TOP TEN SIGNS YOU MIGHT BE OBSESSED WITH TWILIGHT
10. You threw out all your spoons and knives so your house would only have Forks
9. You own two silver Volvos, but zero driver's licenses
8. Your Edward Cullen cardboard cutout has a social security number and his own post office box
7. Your friends at school refer to you as "that freak that's obsessed with Twilight"

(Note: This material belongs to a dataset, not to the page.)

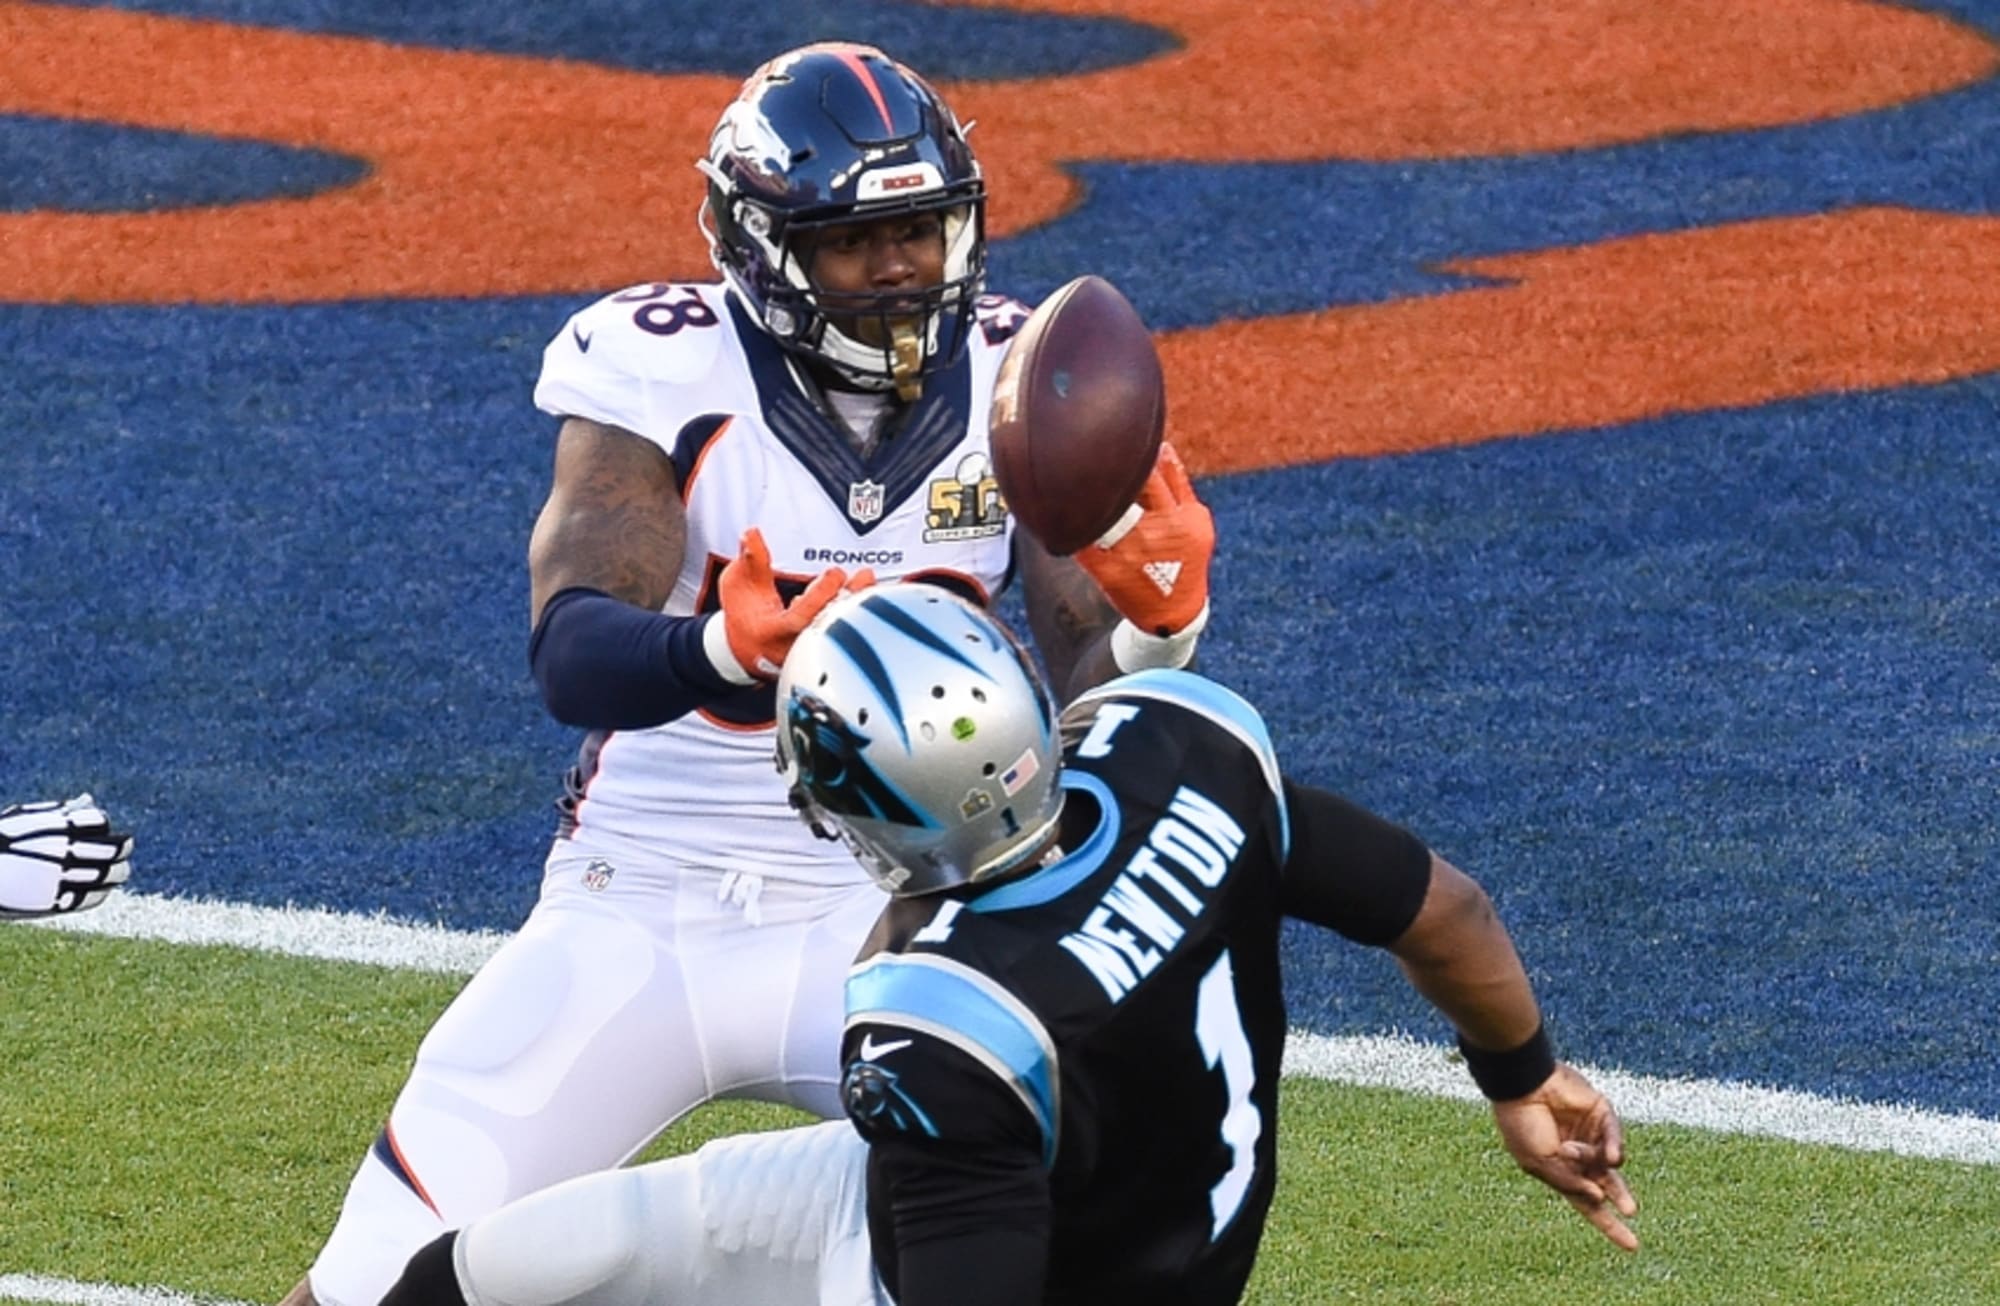 Panthers vs Broncos: Preview, Predictions, and More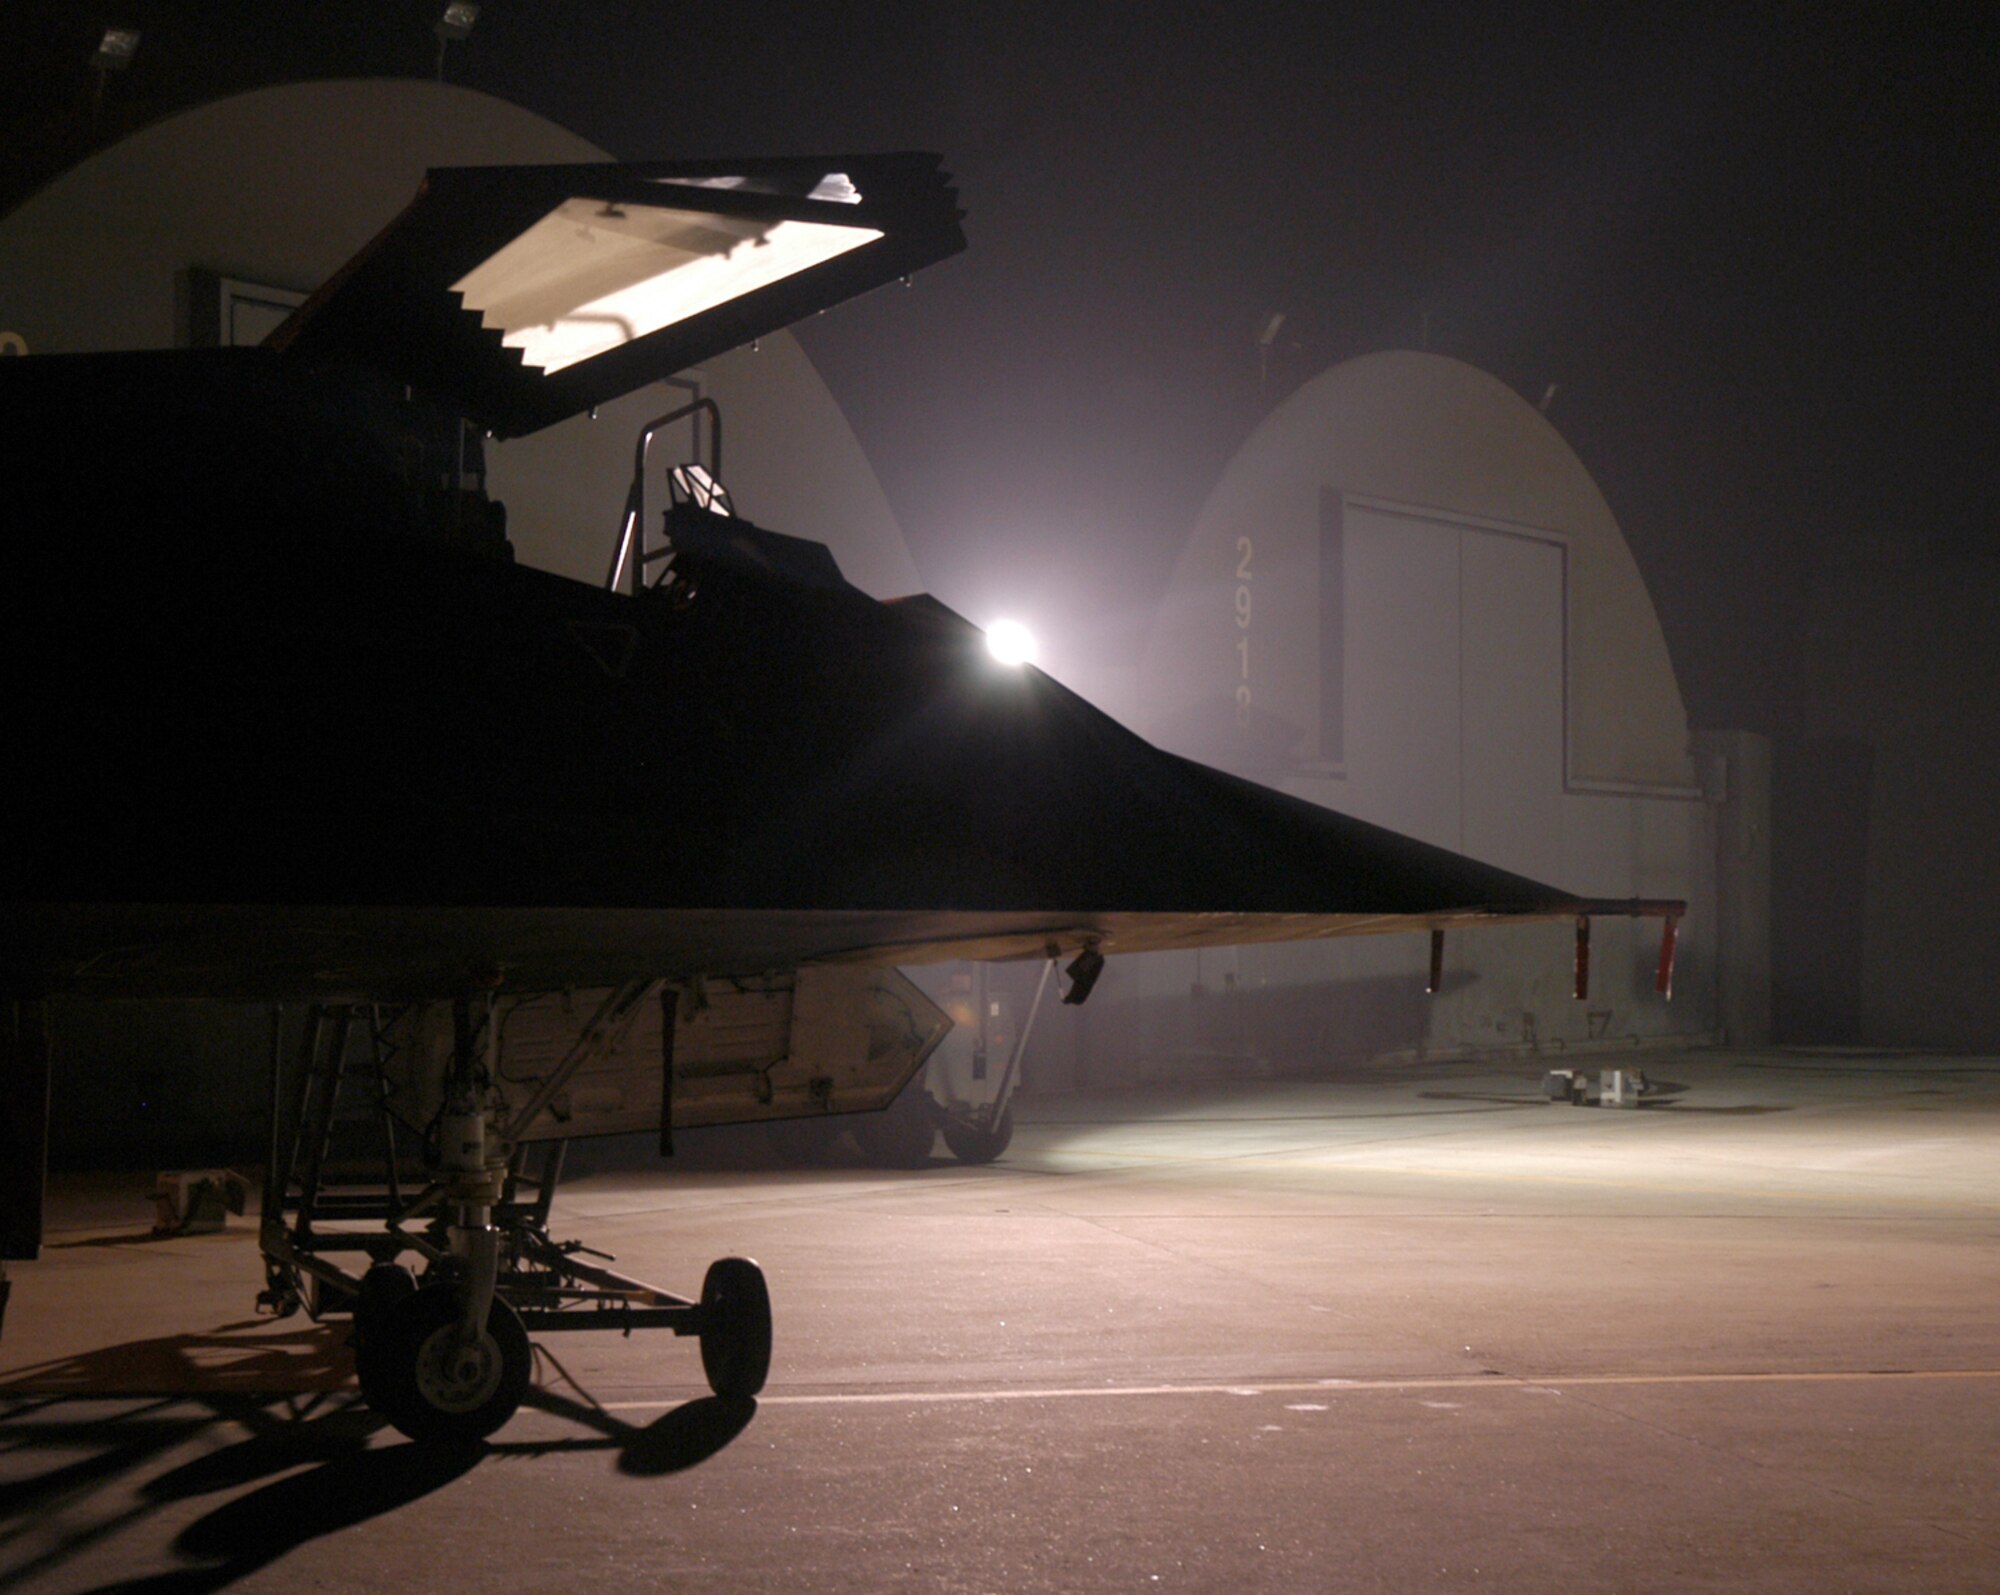 KUNSAN AIR BASE, Republic of Korea  April 9, 2007 -- An F-117 Nighthawk stealth fighter sits ready for take off April 9 here. The F-117s began redeploying last week, with the final aircraft leaving April 9 for Holloman Air Force Base, N.M. The low-observable aircraft, assigned to the 9th Expeditionary Fighter Squadron, have been deployed to Kunsan since early January. Maintainers and support personnel are expected to redeploy in the coming week. (U.S. Air Force photo/Senior Airman Stephen Collier)

6. Number of times you have read Twilight this month: 1,200. Number of times you left your room this month: 4
5. For Halloween you dressed up as Twilight special effects director, Lawerence Decker
4. You're reading this from your place in line outside the Cobb Theater for next week's New Moon premiere
3. Your friend called you while you were reading Twilight last night and today you punched them in the face
2. Your YouTube video of an all-ferret Twilight re-enactment is almost finished
1. You will be reading my blog every day this week
1 comment:
I laughed so hard at this! Not just the post, but the whole thing. That is my favorite Edward Cullen quote...I try to drop it into everyday conversation at least once a week. Oooh...I think I'll trick the student who runs the byuearth club into putting that on his "save energy" posters....genius!